BRIEF =
Type out all the records word for word. Any pictures are to be left out.

#####

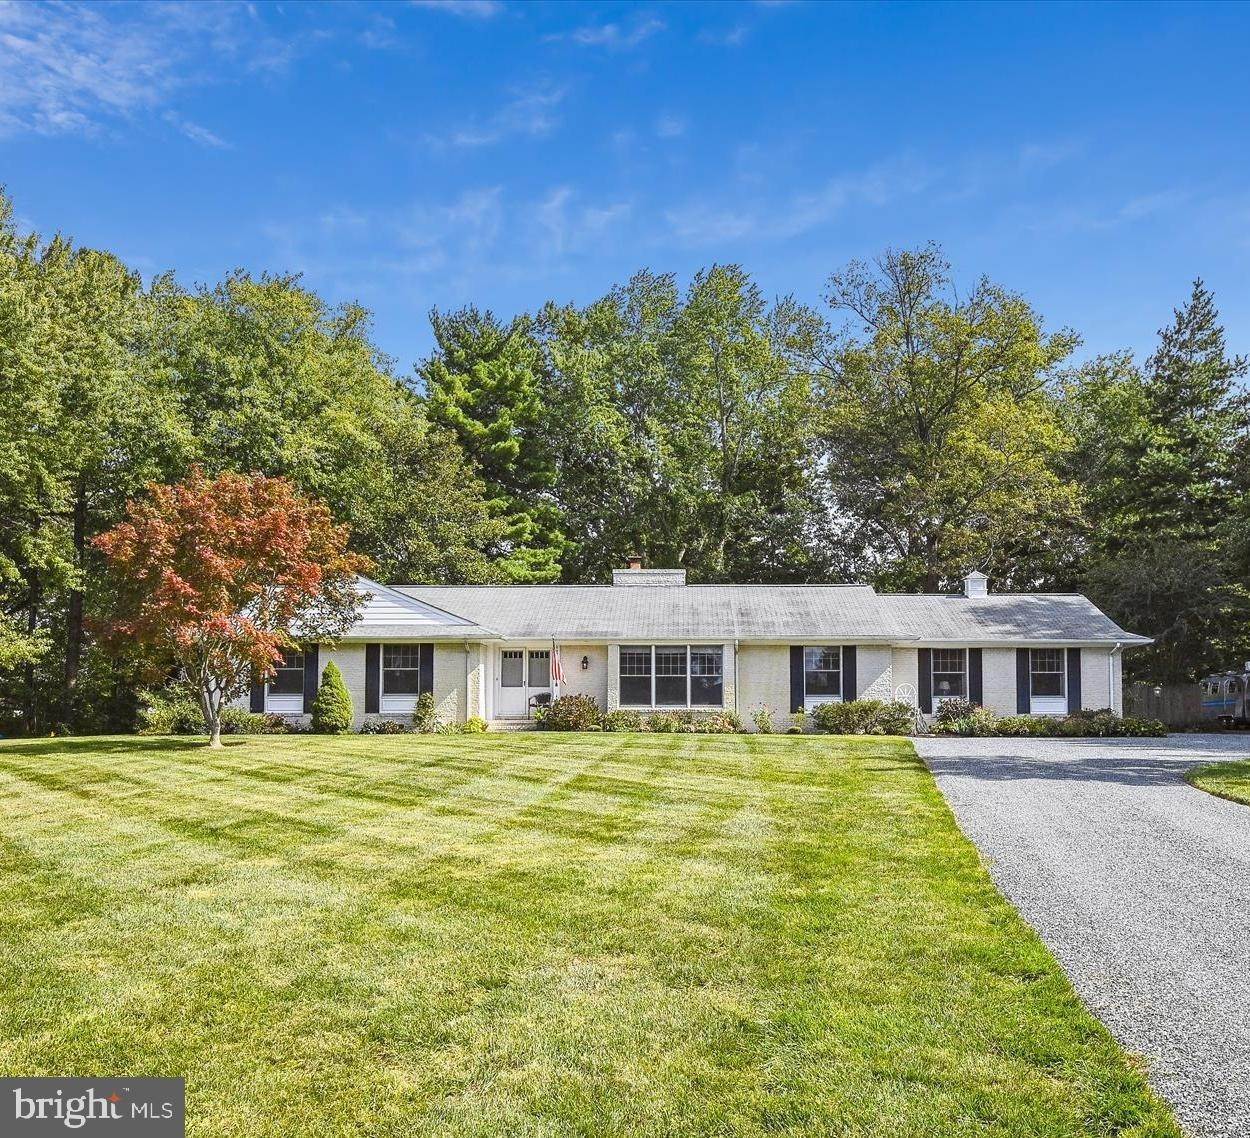 8. Single Family for Sale at Chester, MD 21619
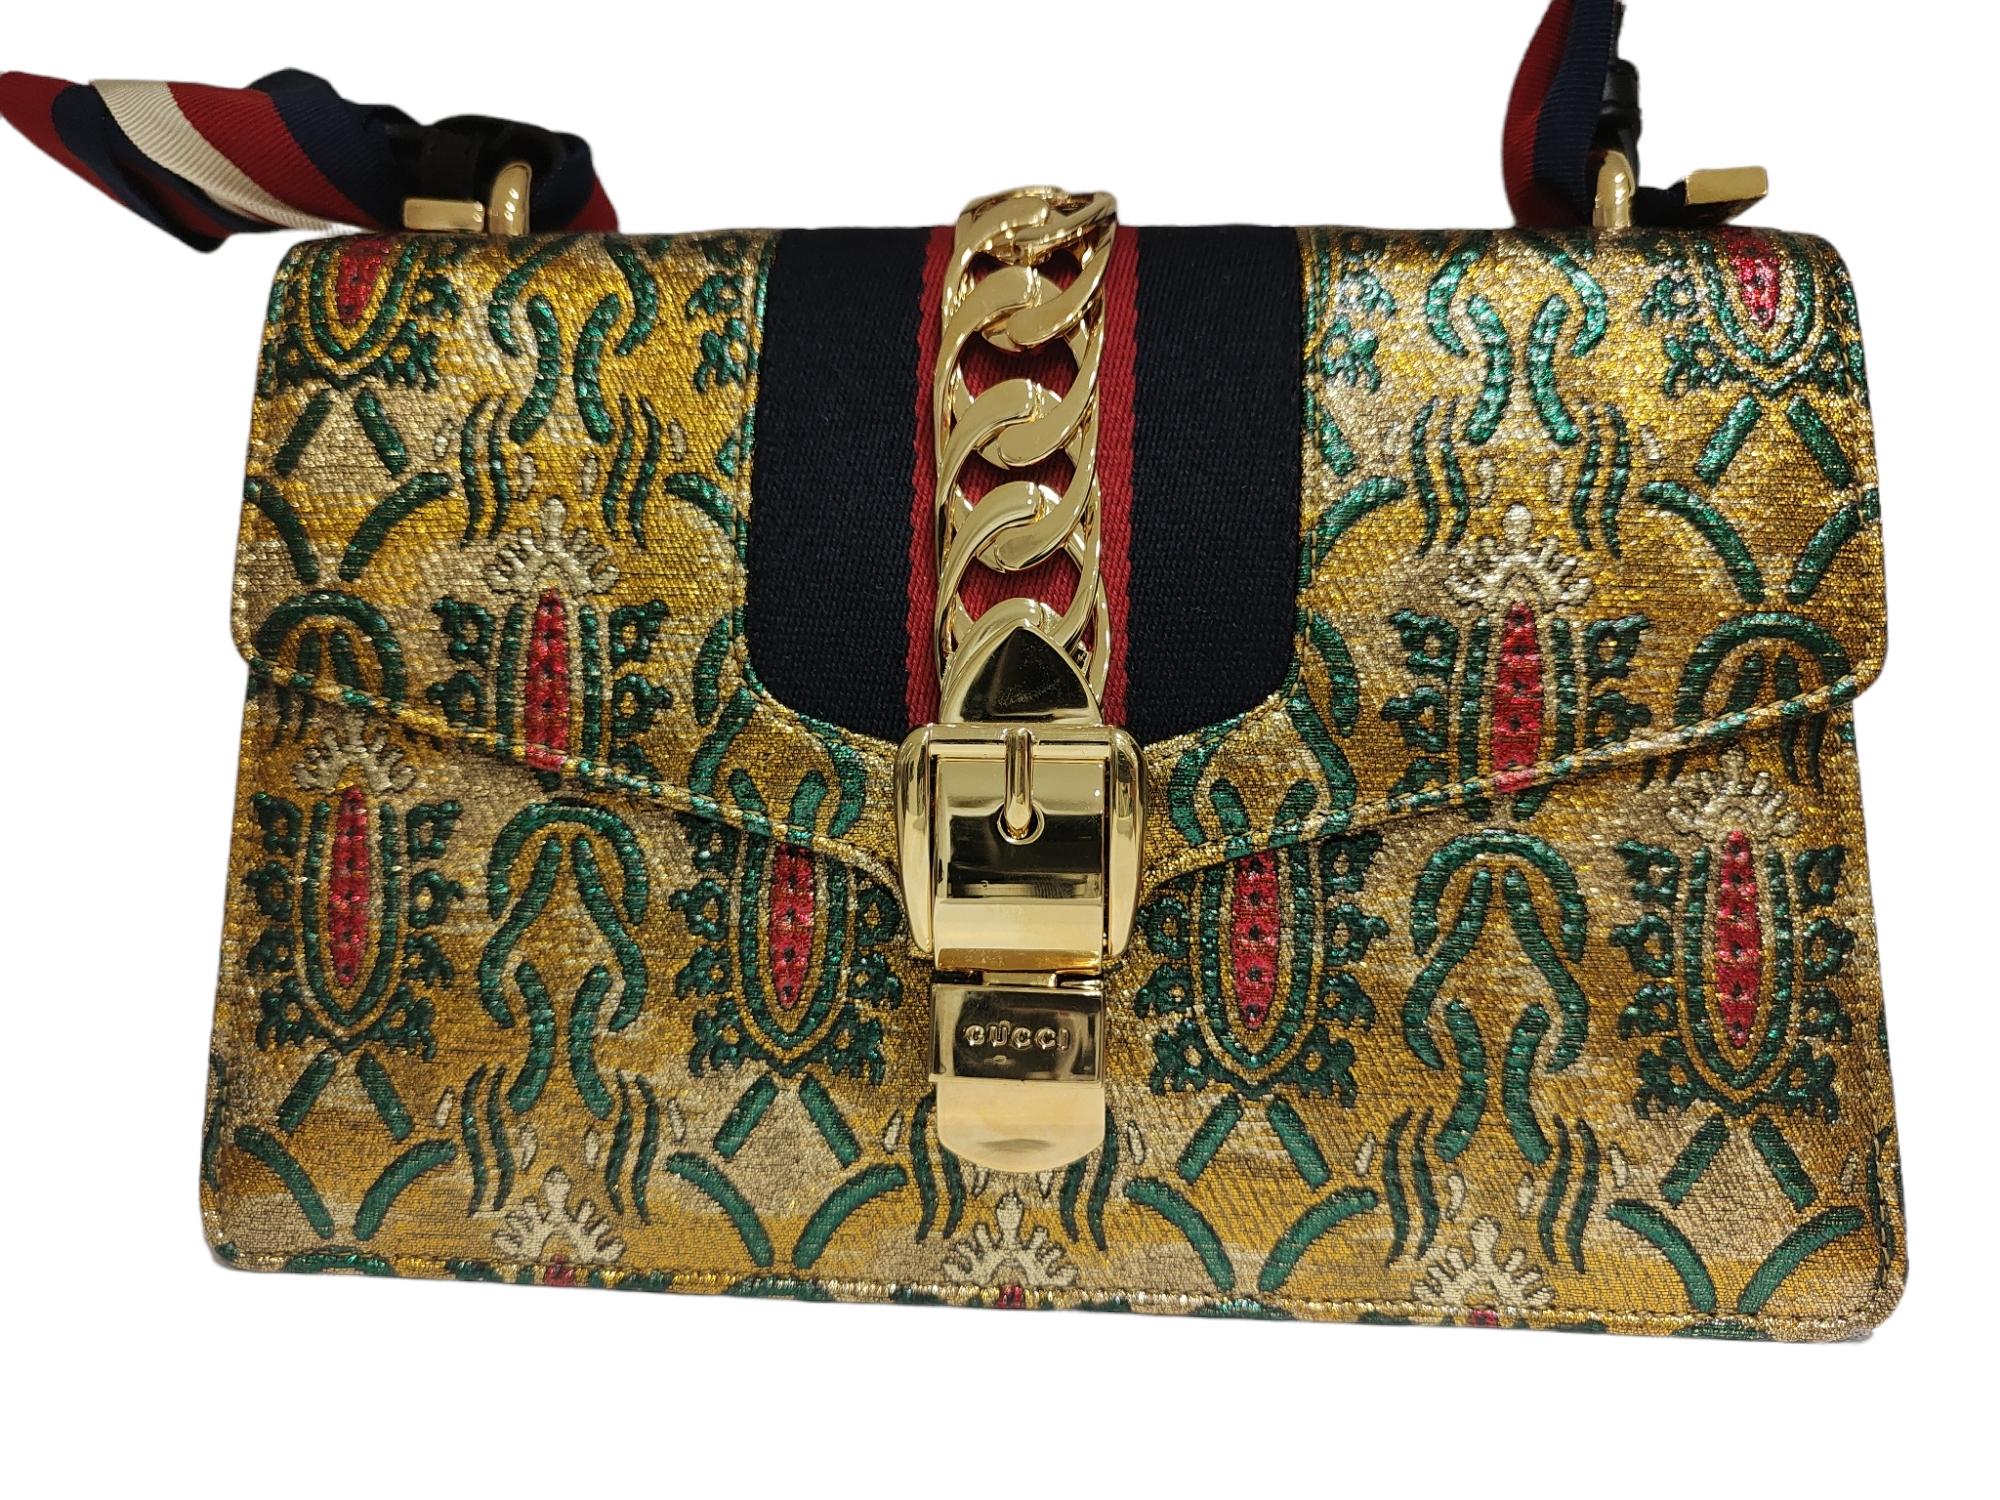 Gucci Sylvie bag Limited edition
new with original tag
multicoloured fabric, embellished with gold hardware a black leather shoulder bag and a scarf for handle bag
totally made in italy
measurements: 26 * 17 cm, 8 cm depth

#####

TASK OUTPUT =
 8. Single Family for Sale at Chester, MD 21619
 Gucci Sylvie bag Limited edition
new with original tag
multicoloured fabric, embellished with gold hardware a black leather shoulder bag and a scarf for handle bag
totally made in italy
measurements: 26 * 17 cm, 8 cm depth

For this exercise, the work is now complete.